Italy's Under-20 side lost 2-1 to England in a friendly that represented Italian football's overall struggles for identity and style, writes Richard Hall.

Italy’s Under-20 side took on their England counterparts in a rematch of the World Cup semi-final in 2017, a game the English won 3-1. Mill Farm, home of AFC Fylde, a team in England’s fifth tier, hosted the game and the facilities impressed the visitors. Many of the team claimed that this was a stadium that would stand proud in Serie B. Before the game, Coach Paolo Nicolato, who was charge of the Azzurrini at the UEFA U-19s European Championship, made it clear that he wanted his team to use this match as a stepping stone towards the World Cup that takes place in Poland next year.

The Azzurrini came into the game on the back of a 3-0 win against Poland in their last outing in Lodz.
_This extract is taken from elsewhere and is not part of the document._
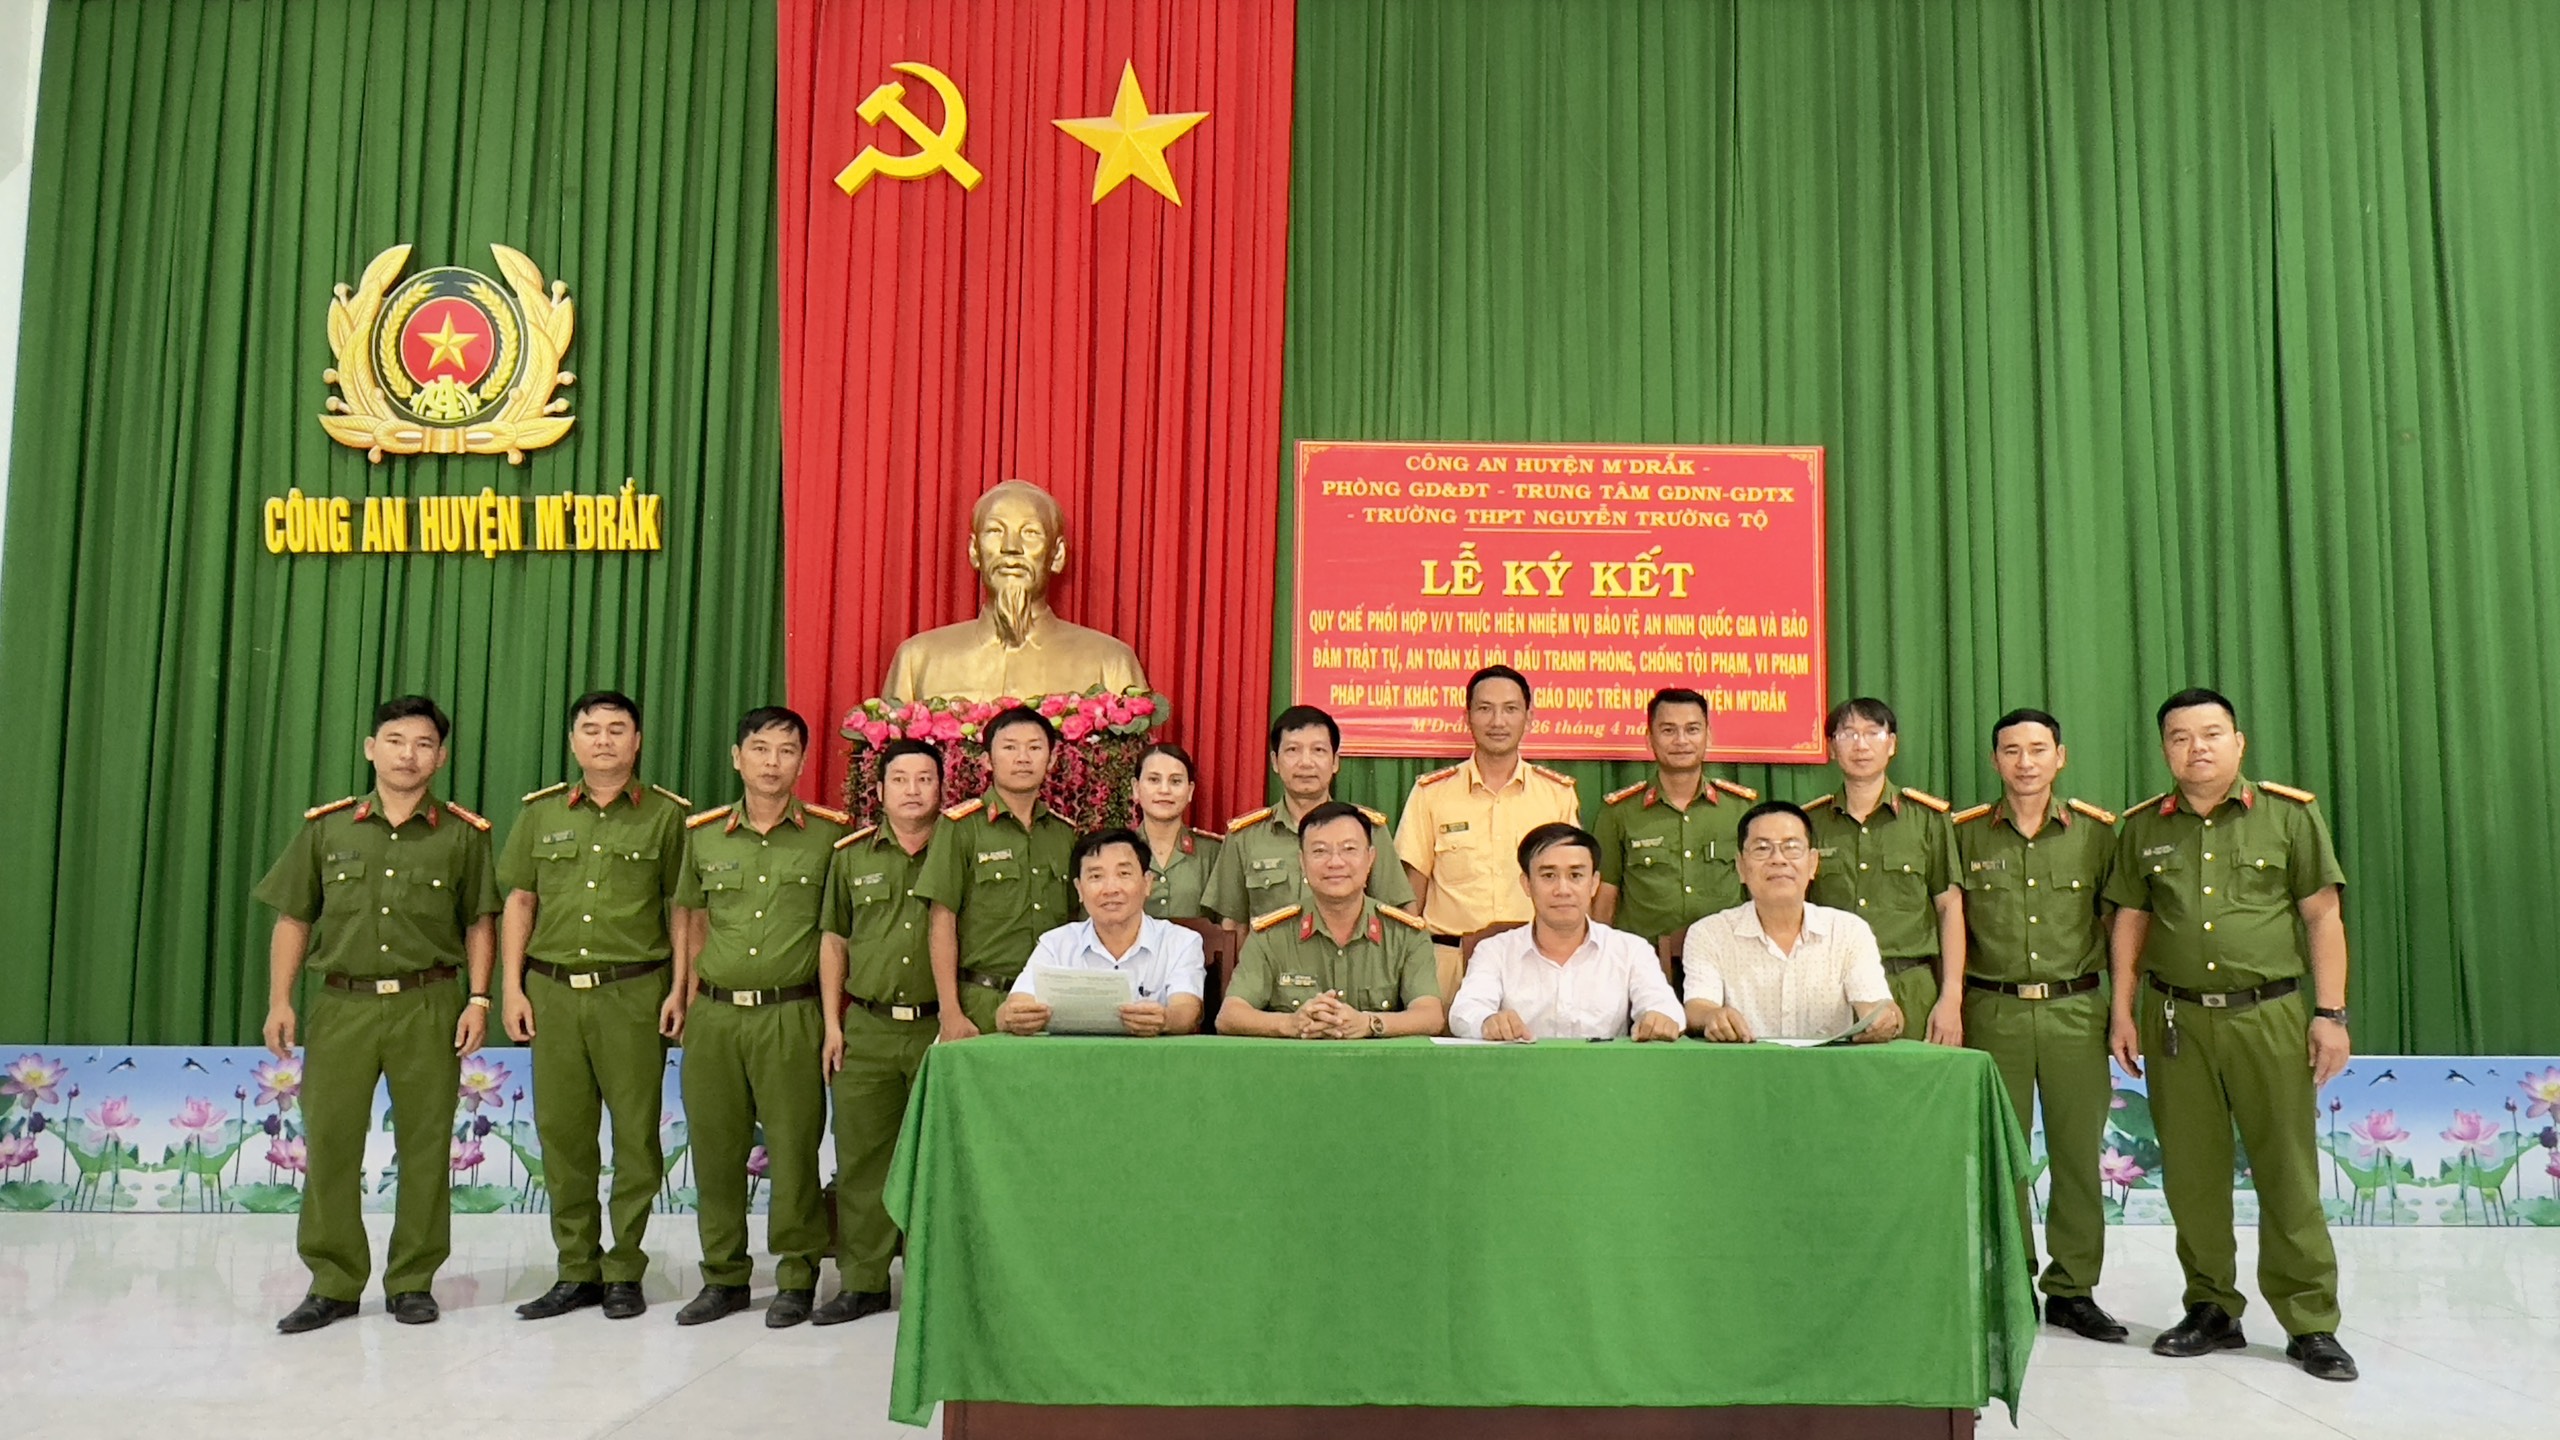 Ký kết quy chế phối hợp bảo đảm an ninh trật tự trên địa bàn huyện M’Drắk

On that day, Moise Kean stole the show, netting a brace with Gianluca Scamacca also scoring, although only the latter was available for selection with the Juventus man named in the Under-21s against Belgium. Nicolato still had a wide range of talent to choose from, as Inter’s on-loan striker Andrea Pinamonti and Fiorentina’s Riccardo Sottil gave the team a strike force that promised much. Perhaps the biggest surprise was that goalkeeper Alessandro Plizzari of Milan was on the bench, whilst Michele Cerofolini (the Fiorentina custodian on loan at Cosenza) started. The 19-year-old departed for more game time after the arrival of Alban Lafont, but is highly rated in Florence.
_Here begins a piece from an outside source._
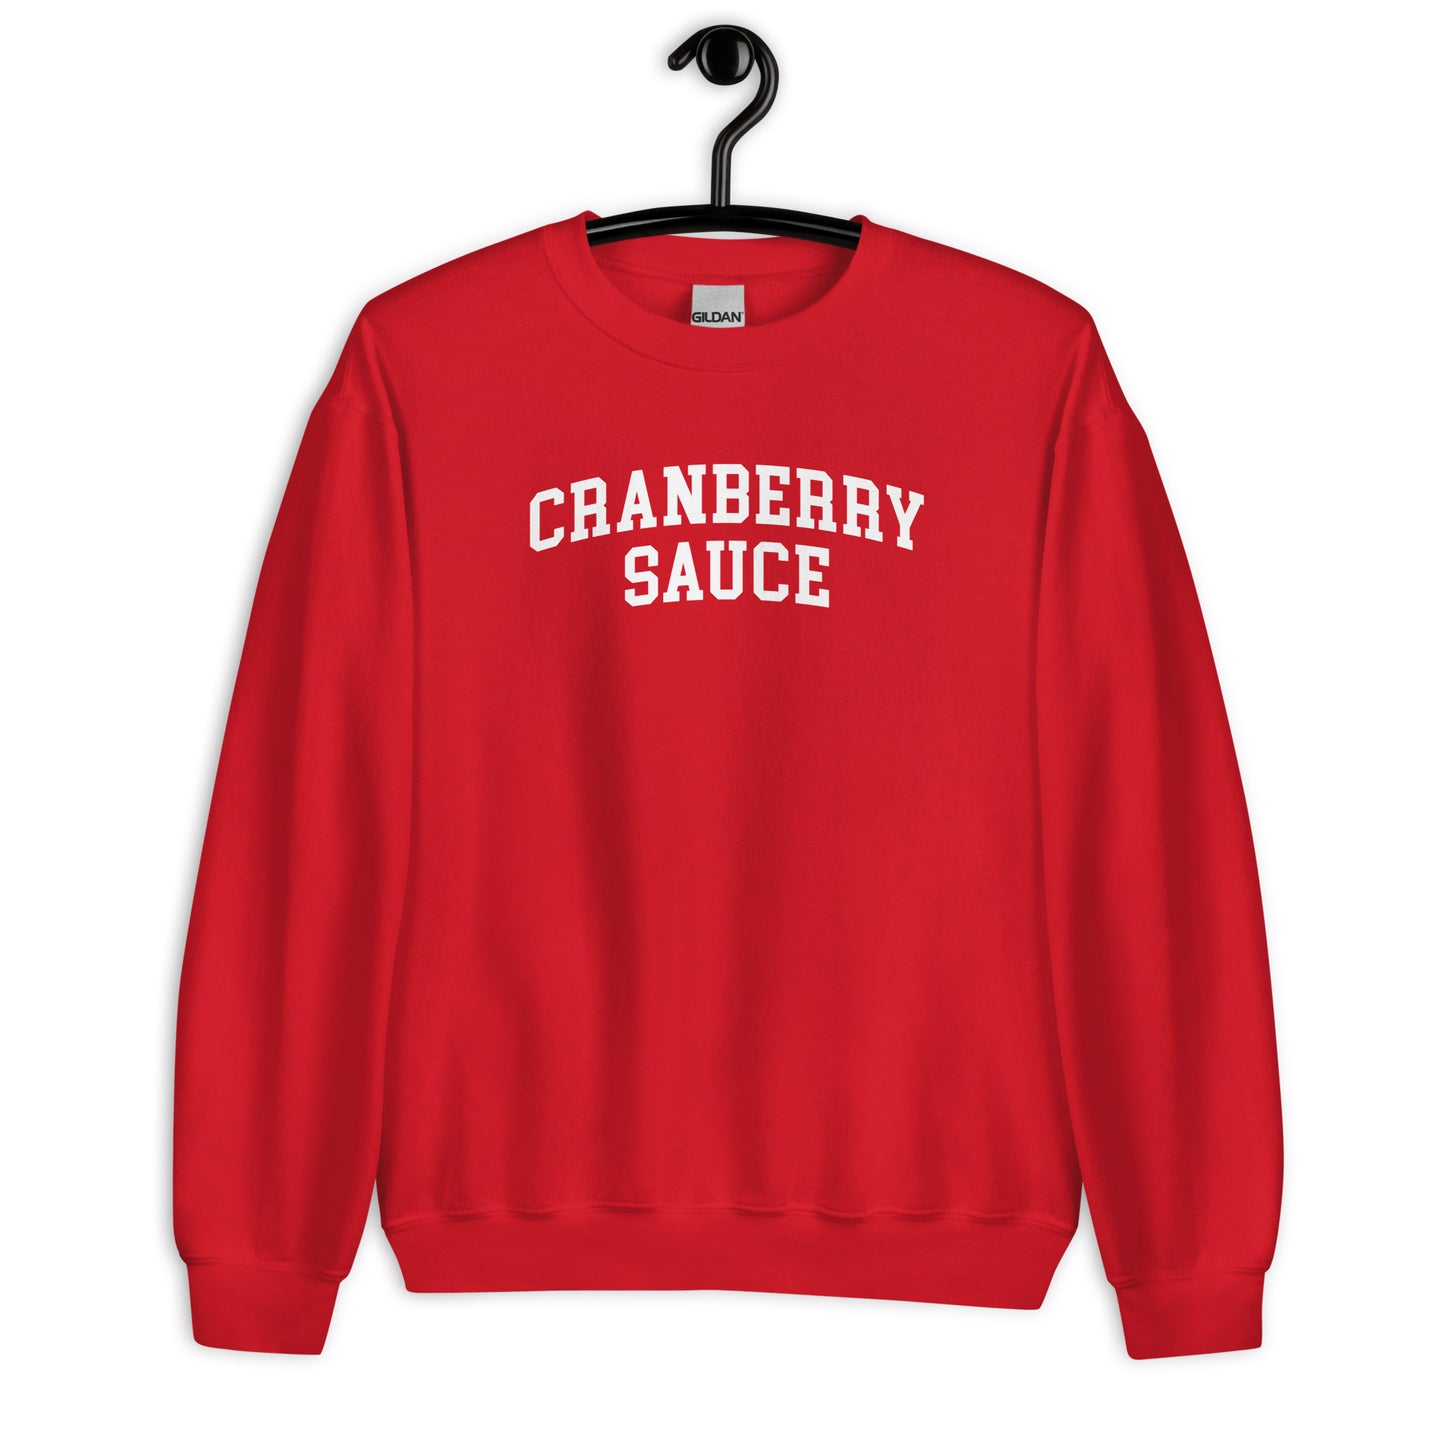 Cranberry Sauce Sweatshirt - Arched Font

Italy started the game in timid fashion, they allowed a pacey England side to have a lot of the early possession, moving between a 4-4-2 and a 4-5-1. There was little pressing and too many misplaced passes, especially from Davide Frattesi and Enrico Brignola.

Cerofolini justified his inclusion by producing a superlative tip onto the cross bar early on and he could do nothing about England’s opener from Edward Nketiah. It was the pace of Nketiah and Joe Willock that highlighted a weakness in Nicolato’s team, as from the start it was evident that they couldn’t handle the tempo. They sat deep and the continued pressure eventually saw the Azzurrini go 2-0 down, as Willock converted a penalty that Cerofolini nearly kept out. By half time the away side had offered nothing other than a shot that was blazed over by captain Filippo Melegoni.
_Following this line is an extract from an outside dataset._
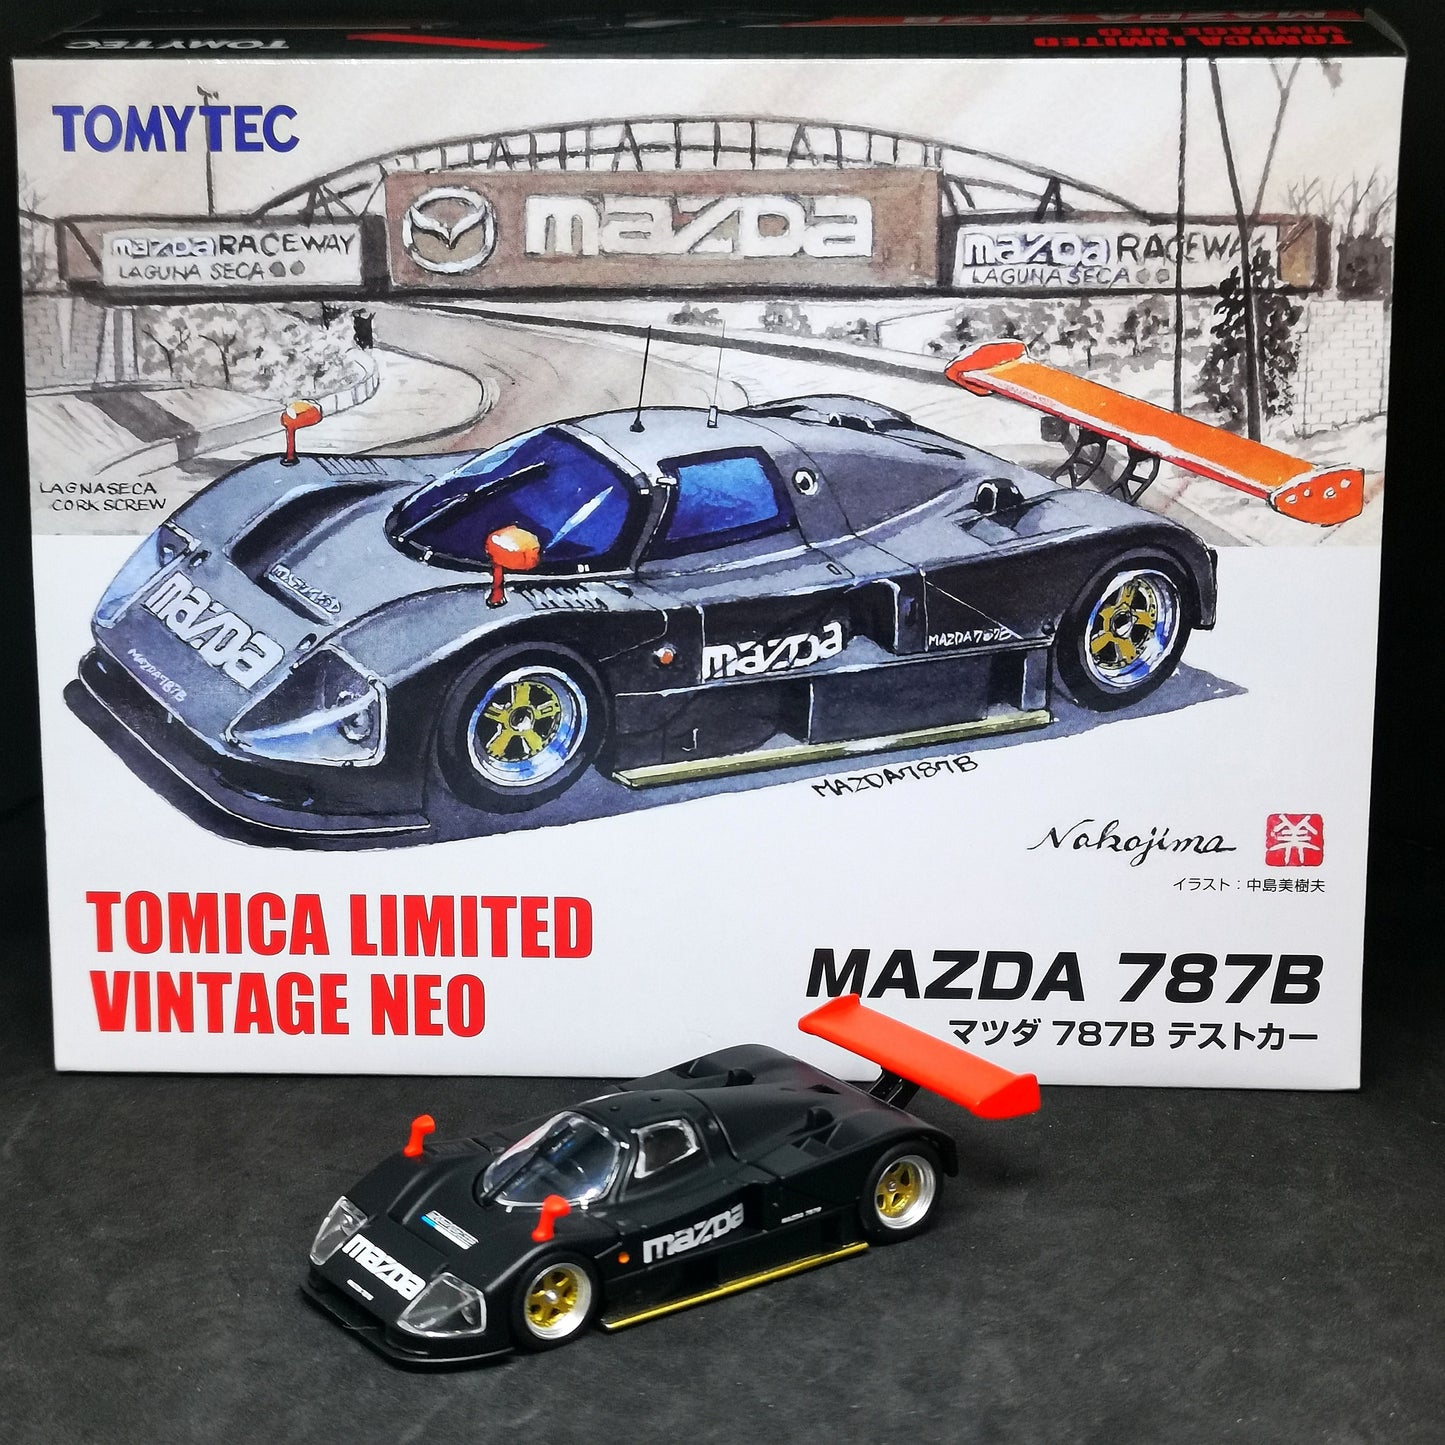 Tomica Limited Vintage Neo Mazda 787B Test Car

Nicolato needed to change something. The team had showed in Lodz that they could be expansive, but this was simply an example of giving an opponent too much respect. It had been the same story against the Czech Republic and Switzerland in March, although in the latter game they did put up a fight. The characteristics of the U-20s have mirrored the feelings of Italy as a nation when observing their football. They are lacking an identity and in a titanic struggle with themselves about whether to chance a new way of playing, or trying to remaster the old.

Nicolato himself seems to be insistent on the latter (well he is an ex-Chievo Coach), playing in a style that allows the opposition to come to them, almost challenging them to beat his defence. The problem is, whilst there are some talented defenders, Manchester United’s Luca Ercolani and Enrico Del Prato are just two, they do not have the confidence as a unit to absorb pressure.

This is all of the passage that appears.